The Link Volume of Hyperbolic 3-Manifolds

TL;DR

This paper demonstrates that hyperbolic 3-manifolds can have arbitrarily large link volume while maintaining bounded volume, using cosmetic surgery techniques to explore the relationship between manifold volume and link complexity.

Contribution

It introduces new bounds and constructions relating hyperbolic volume and link volume, expanding understanding of manifold fillings and cosmetic surgeries.

Findings

Existence of hyperbolic manifolds with arbitrarily large link volume and bounded volume.

Most slopes on a link component do not yield cosmetic surgeries unless forming a Hopf link.

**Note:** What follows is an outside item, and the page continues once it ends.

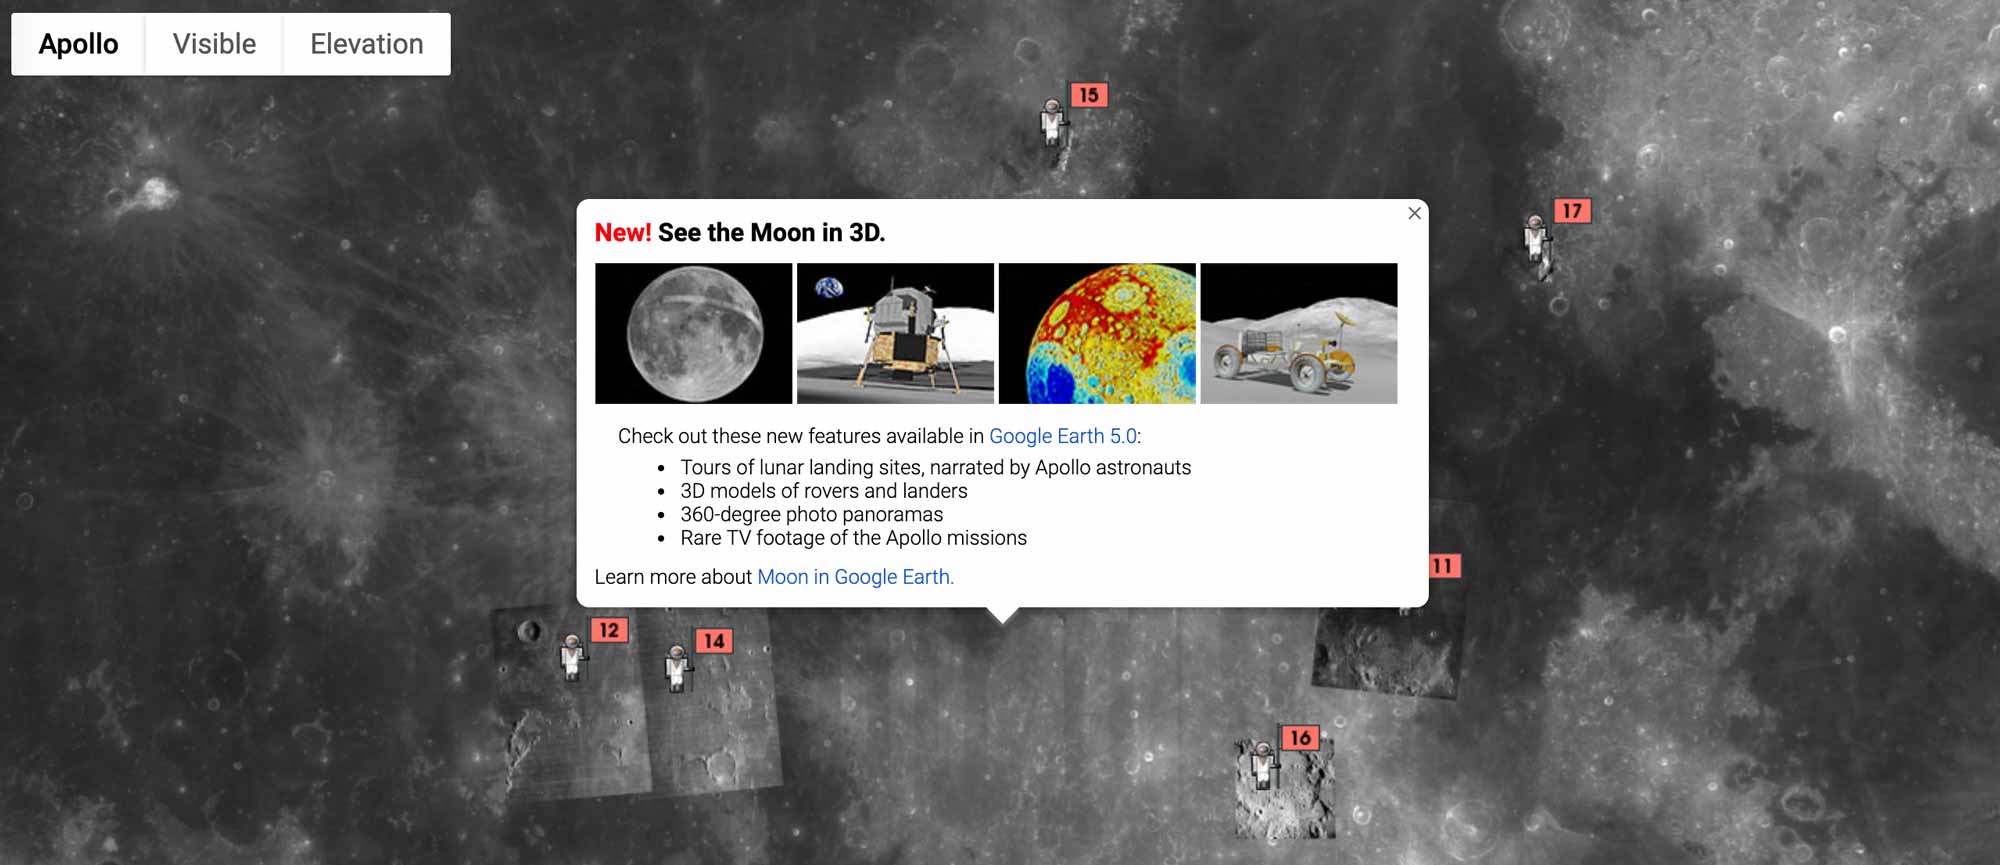 Google Celebrates Lunar Landings with New Google Moon App

Finitely many fillings produce hyperbolic manifolds with short geodesics.

Abstract

We prove that for any V>0, there exist a hyperbolic manifold M_V, so that Vol(M_V) < 2.03 and LinVol(M_V) > V. The proof requires study of cosmetic surgery on links (equivalently, fillings of manifolds with boundary tori). There is no bound on the number of components of the link (or boundary components). For statements, see the second part of the introduction. Here are two examples of the results we obtain: 1) Let K be a component of a link L in S^3. Then "most" slopes on K cannot be completed to a cosmetic surgery on L, unless K becomes a component of a Hopf link. 2) Let X be a manifold and \epsilon>0. Then all but finitely many hyperbolic manifolds obtained by filling X admit a geodesic shorter than \epsilon\ (note that this finite set may correspond to an infinitely many fillings).